### Exercise directions
Shown below is a listing with pictures; reproduce exactly, and only, the lines between the ones containing "Vintage-Stuhl mit hochwertigen" and "Chipmunk (DE 5376) - Colorxs Quatern Palette", inclusive, leaving the pictures out.

### Data to examine
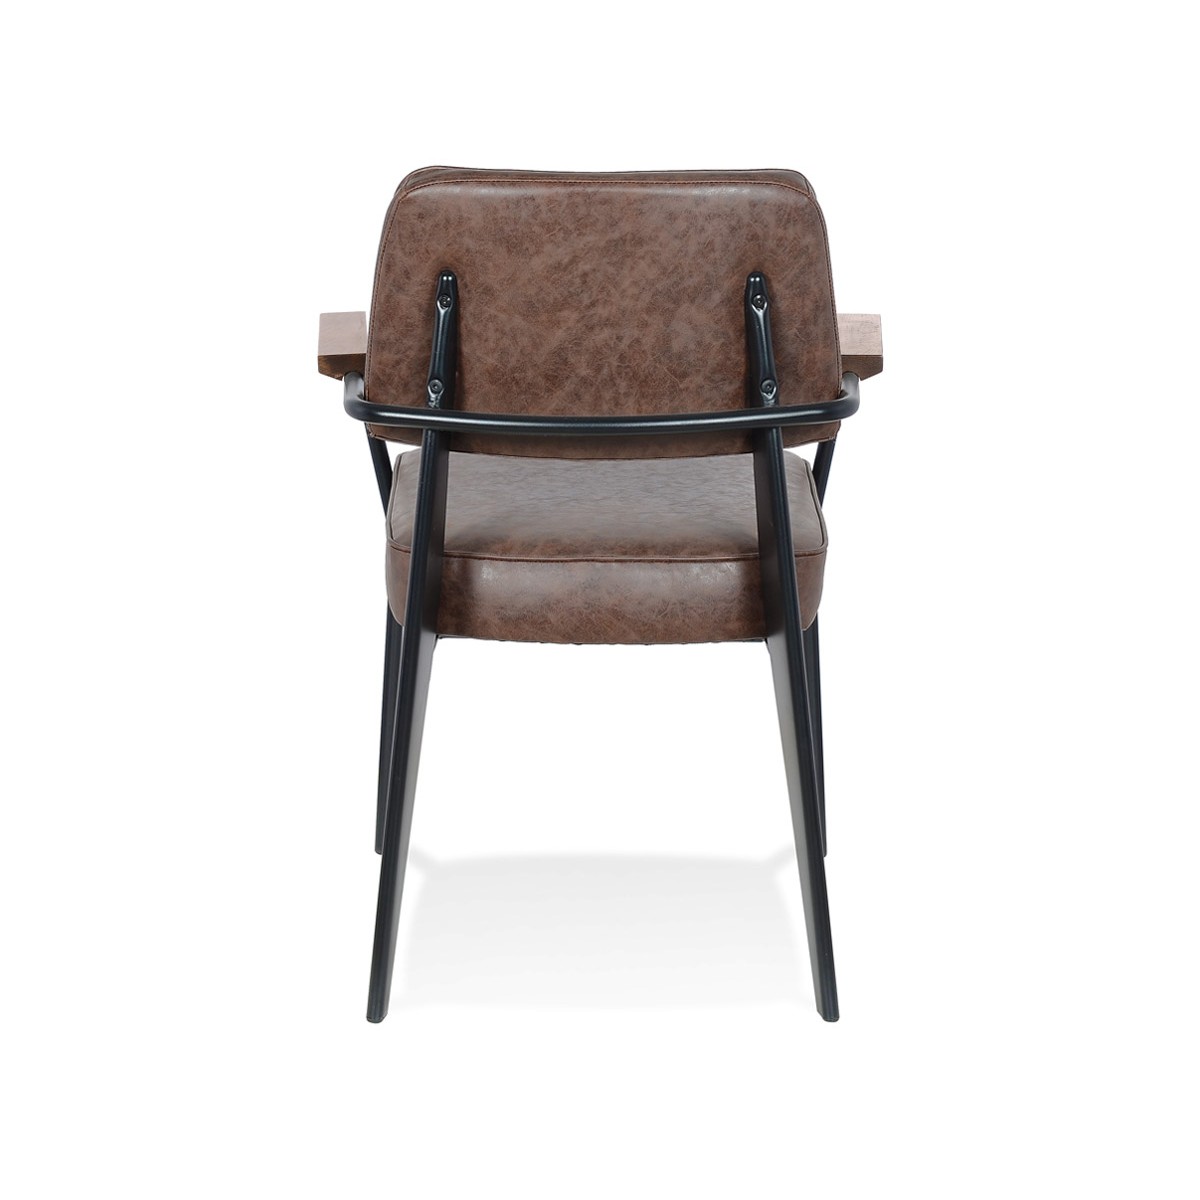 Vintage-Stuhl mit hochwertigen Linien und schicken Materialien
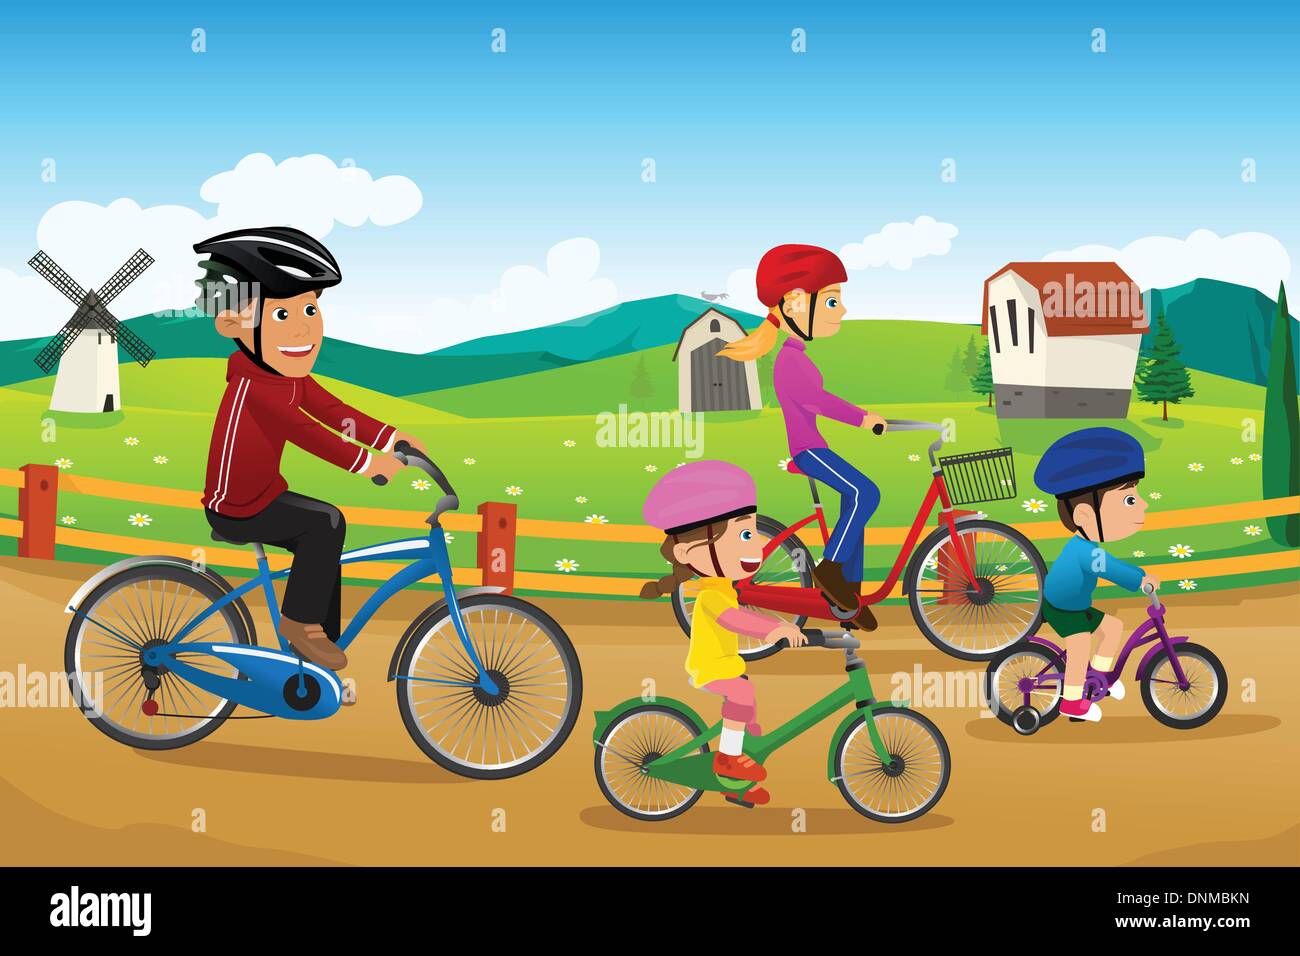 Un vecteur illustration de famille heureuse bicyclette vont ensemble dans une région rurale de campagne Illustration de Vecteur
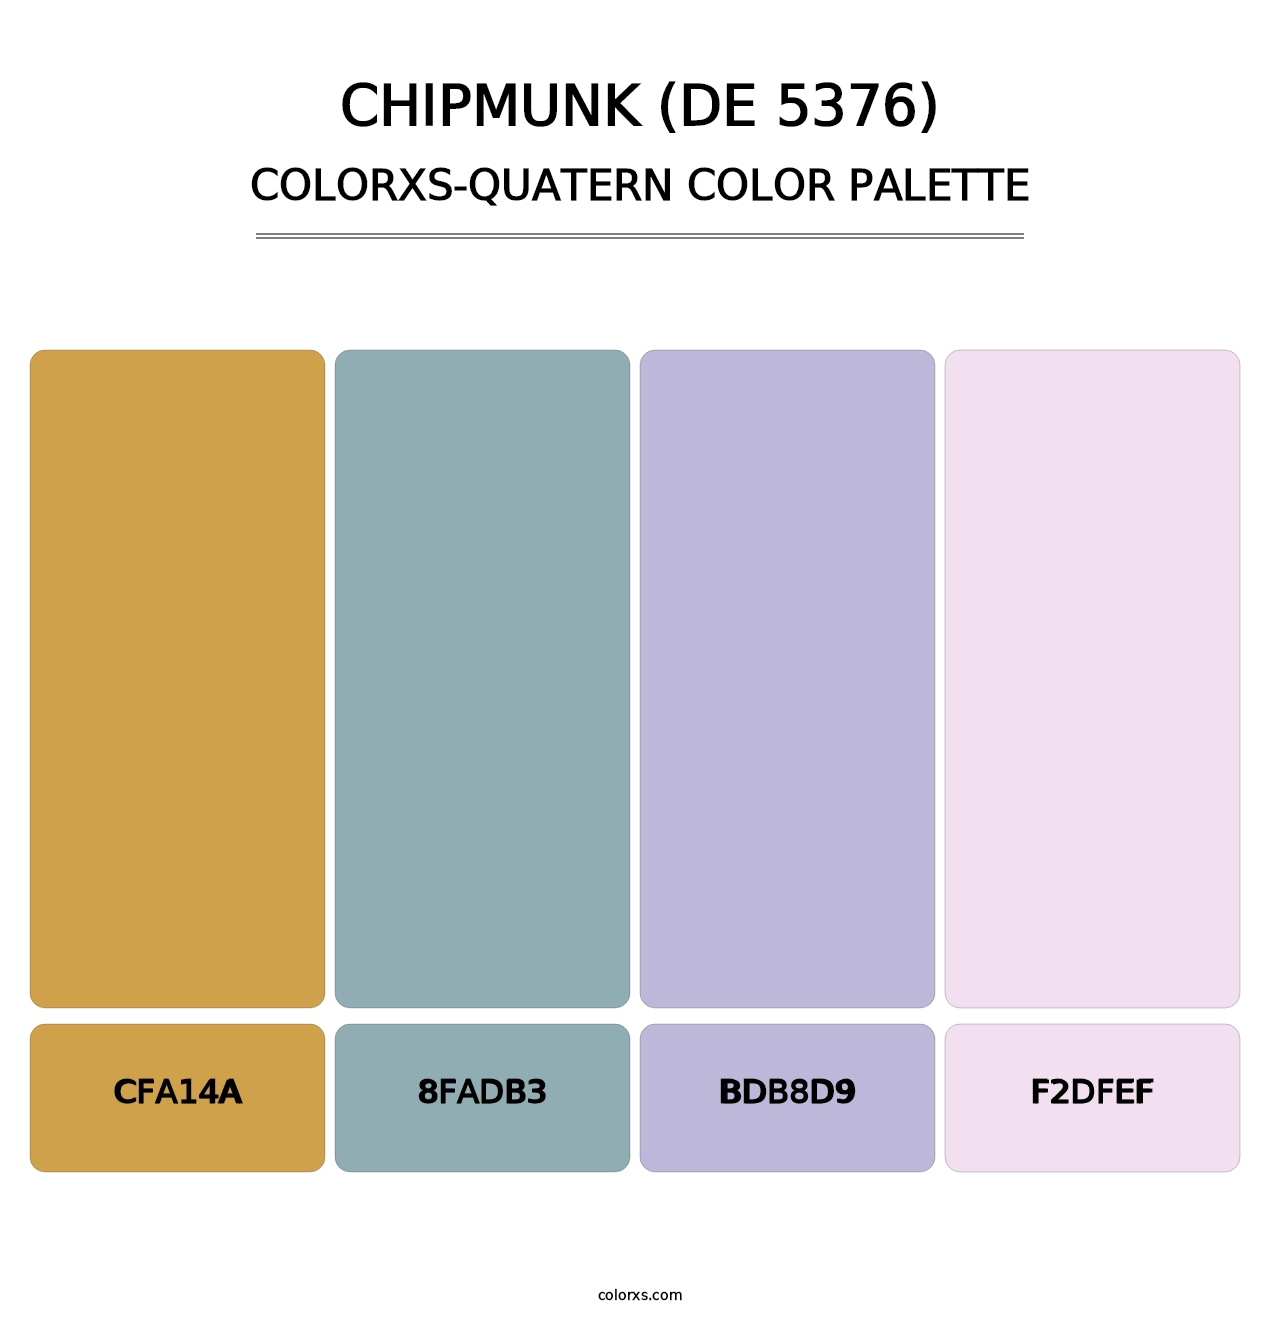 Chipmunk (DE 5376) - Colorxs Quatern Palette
==
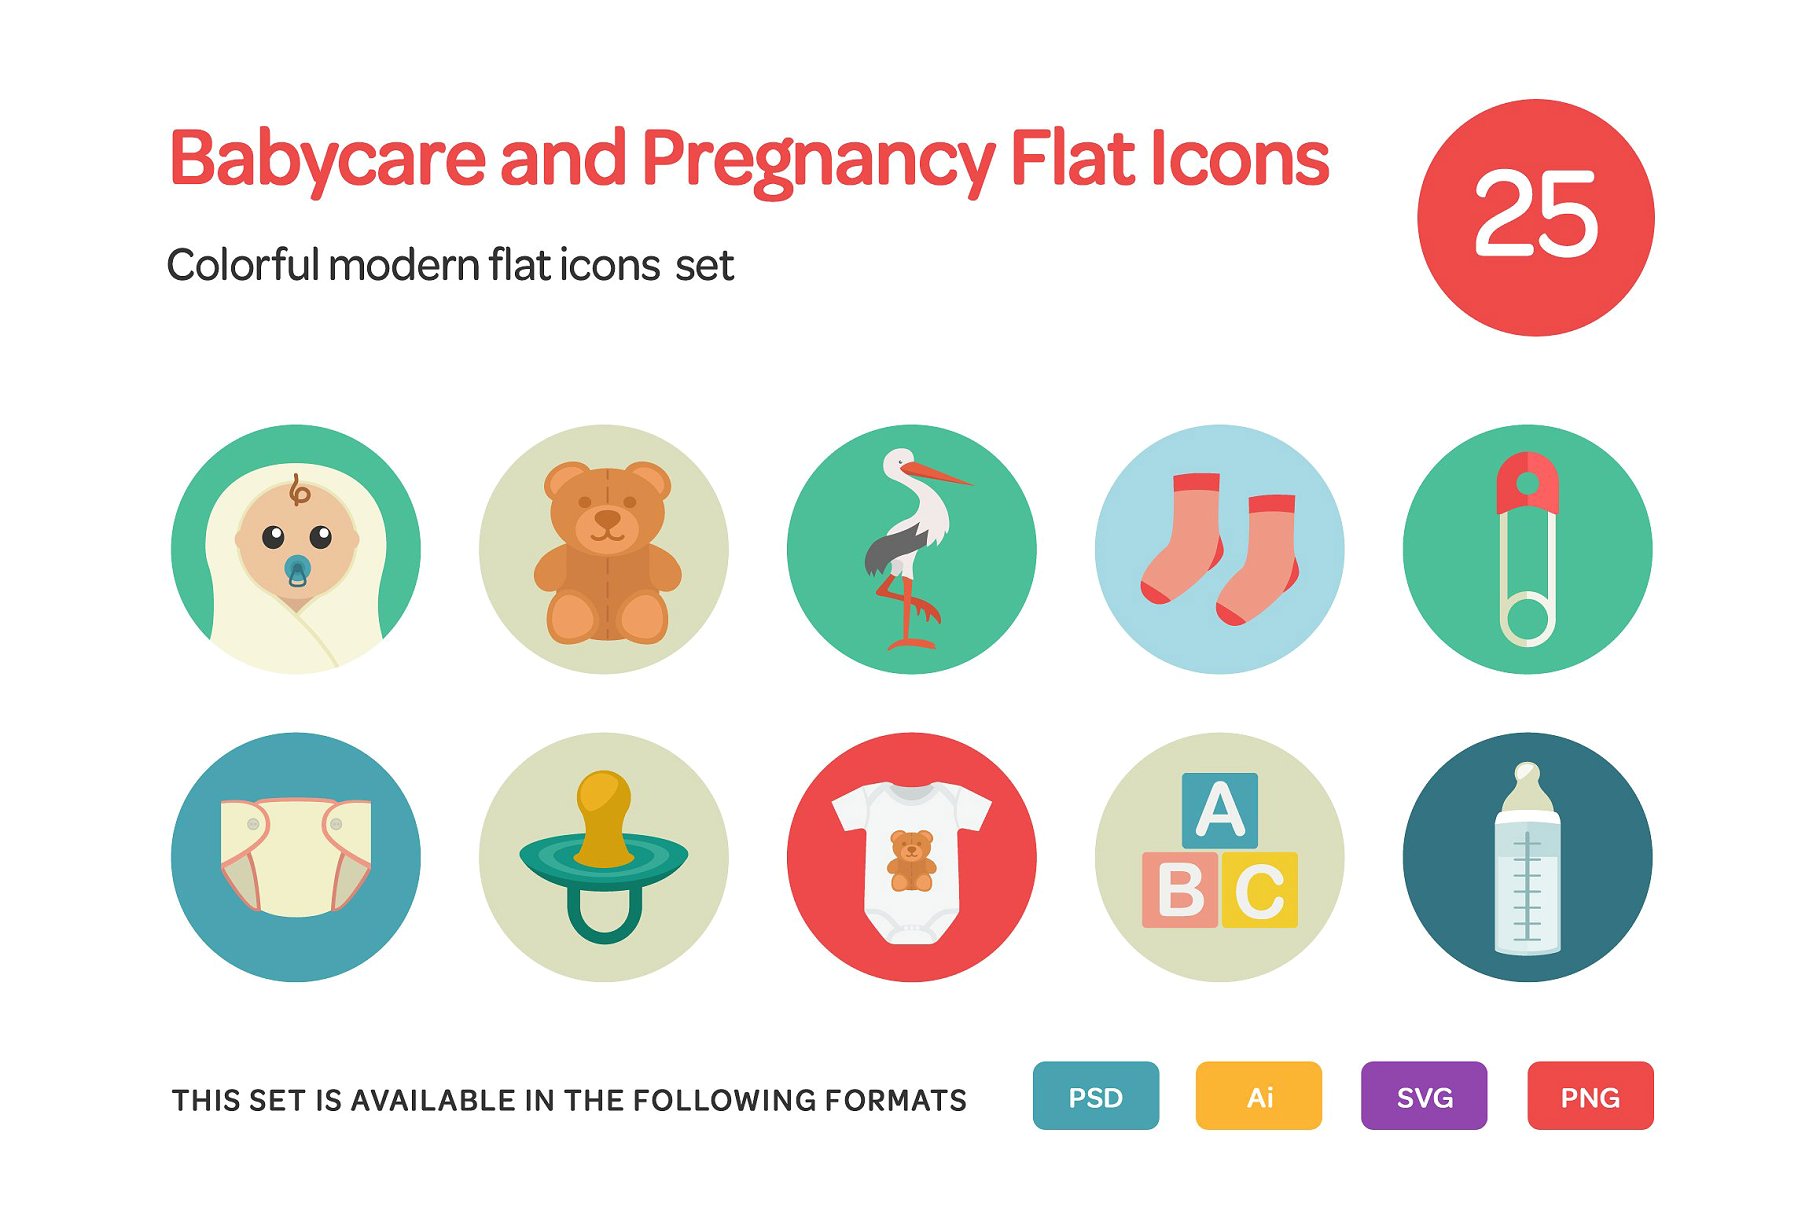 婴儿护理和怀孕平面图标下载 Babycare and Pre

### Exercise result
 Vintage-Stuhl mit hochwertigen Linien und schicken Materialien
 Un vecteur illustration de famille heureuse bicyclette vont ensemble dans une région rurale de campagne Illustration de Vecteur
 Chipmunk (DE 5376) - Colorxs Quatern Palette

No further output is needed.